My time

THE LIST OF THINGS I can do without thinking is long and boring; there’s nothing interesting about autopilot. By the time I reached my 20s, I felt as if I had navigated nearly every imaginable body of water, I had trained my brain to negotiate the giant swells, the sudden tide changes, the peaceful calm. Whether that was naive, juvenile, bitter, or ridiculous is a question for an entirely different day. The fact is, I was bored, and I started smoking a lot of pot. I still do.

Deep drags unleash full circles of unadulterated enthusiasm, and my stereo is my best friend. Some smokers sink into the couch and gorge themselves on old movies and sitcom reruns, some dig into conversations about the absence of allegory, some stuff themselves with pizza. I hear music. The Stone Roses’ “She’s a Waterfall” curls around exhales. Yo La Tengo is next—anything off of Painful, and then Seam, Mercury Rev, the Feelies, Small Faces, Flaming Lips, Modest Mouse, the Jam, New York Dolls, Destroyer, David Bowie, and nobody can fuck with me. I hear all of it exactly as it is meant to be heard, and it never stops amazing me. Never.

Conversations confound me in the best way. My friends astonish me with their brilliance. Strangers intrigue me. Everyone knows something. When I’m stoned, I write it all down: expressions, nods, smiles, handshakes. Each of us has our own ugly heart-shaped birthmark, our own badge of honor that we were born to take advantage of, our own manifesto, our own words about what burns brightly and what hurts the most. I appreciate them all without marijuana, but smoking pot gives me an excuse to record it, to write it down.

Marijuana allows me to experience everything with that much more light. It opens my eyes and increases my awareness. The filter is off, my mind moves freely, betraying old patterns. I travel through thoughts, ideas, pictures, and s tories like they’re small towns on my own personal autobahn. Some smokers will tell you that marijuana allows them to slow down, unwind, and mellow out, but in my life—perhaps due to my metabolism, karma, or brain chemistry—pot is an antidote for a world that often feels too tidy, too rule-ridden, too slow, too thought-out and followed-through.

In certain circles, I am identified primarily as a stoner. I am the girl with the pocket-sized pipe at the ready, the one with the really good lighter, the easy laugh, and the head full of curiosity. But the key to using marijuana effectively is to often not use marijuana.
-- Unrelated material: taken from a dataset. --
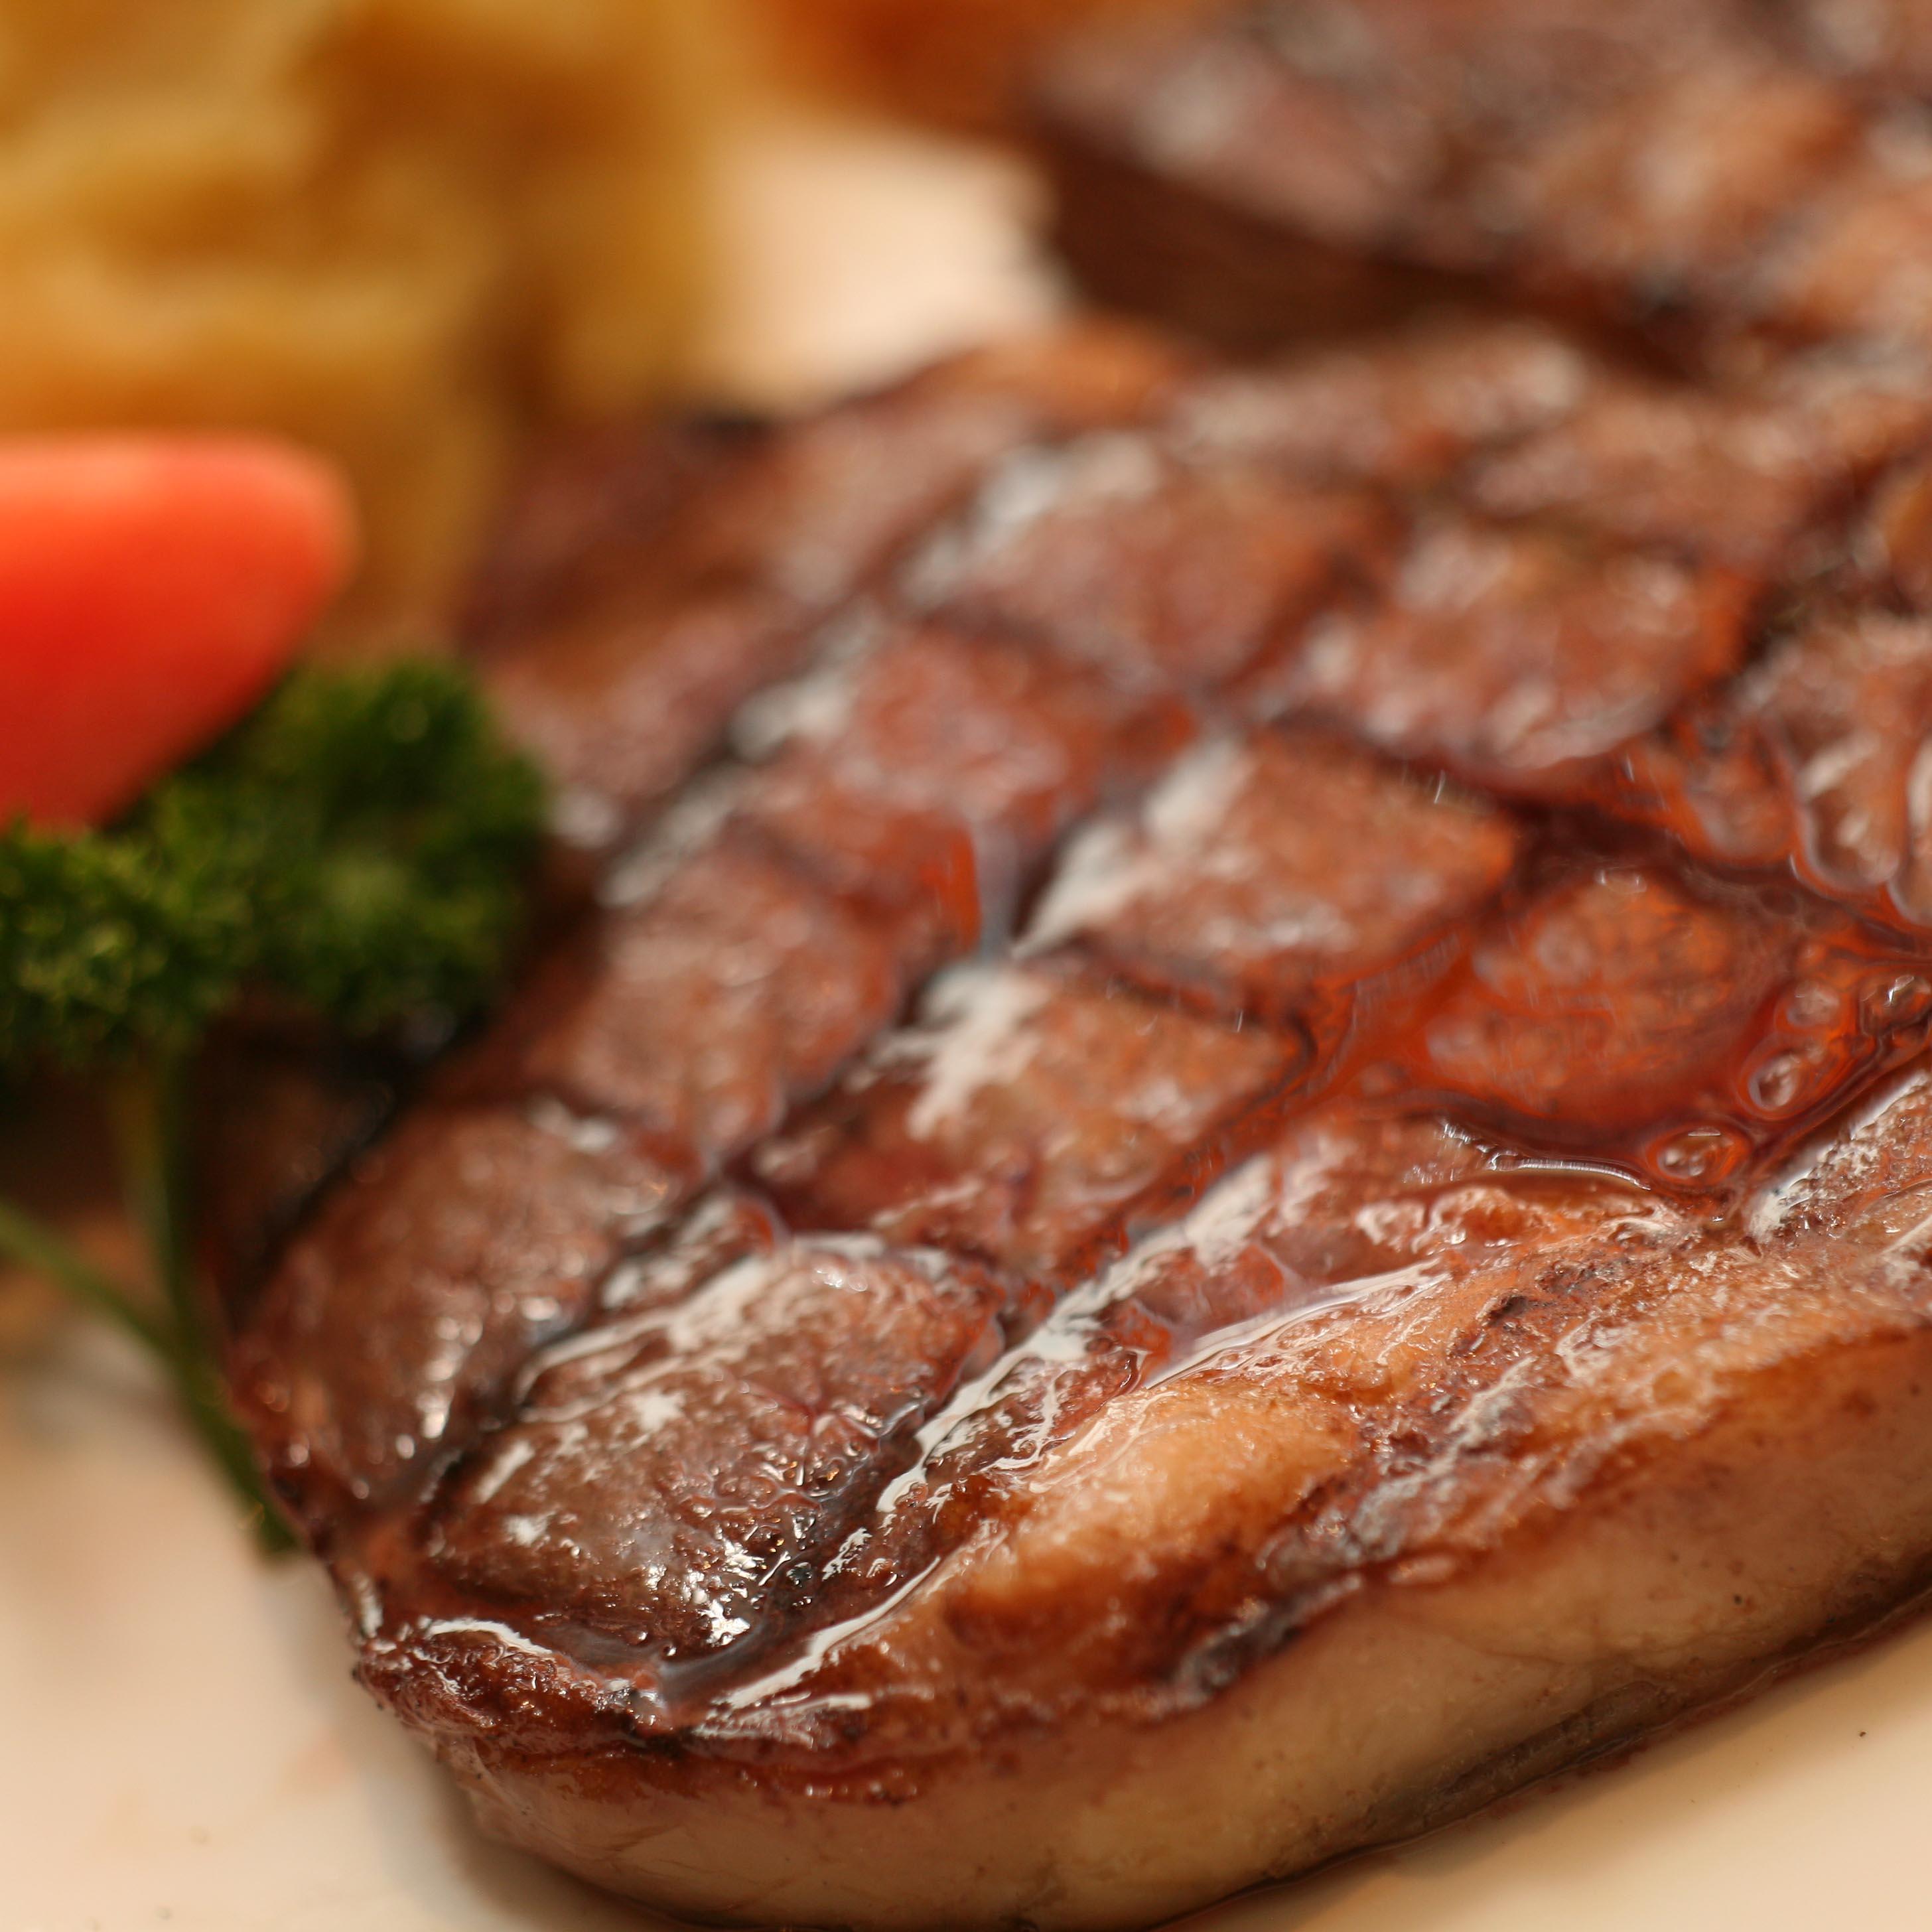 西餐牛排的吃法图解

If the idea is to subvert the static and increase the outliers, then one must stagger one’s drug use with healthy doses of a smoke-free environment—otherwise it all becomes one big bore. As Jonathan Richman and the Modern Lovers said in “I’m Straight,” “If those guys are so great/tell me/why can’t they take this place/and take it straight?” It’s the contrast that keeps both realms so interesting. I sleep less than most people I know and do more while I’m awake because I’m grateful for the experiences that awareness provides. I believe marijuana has given me that. So I suppose I am a stoner, but if you think about it—and I’ve thought about it plenty—this is all just a beautiful dream, and I like to dream in green.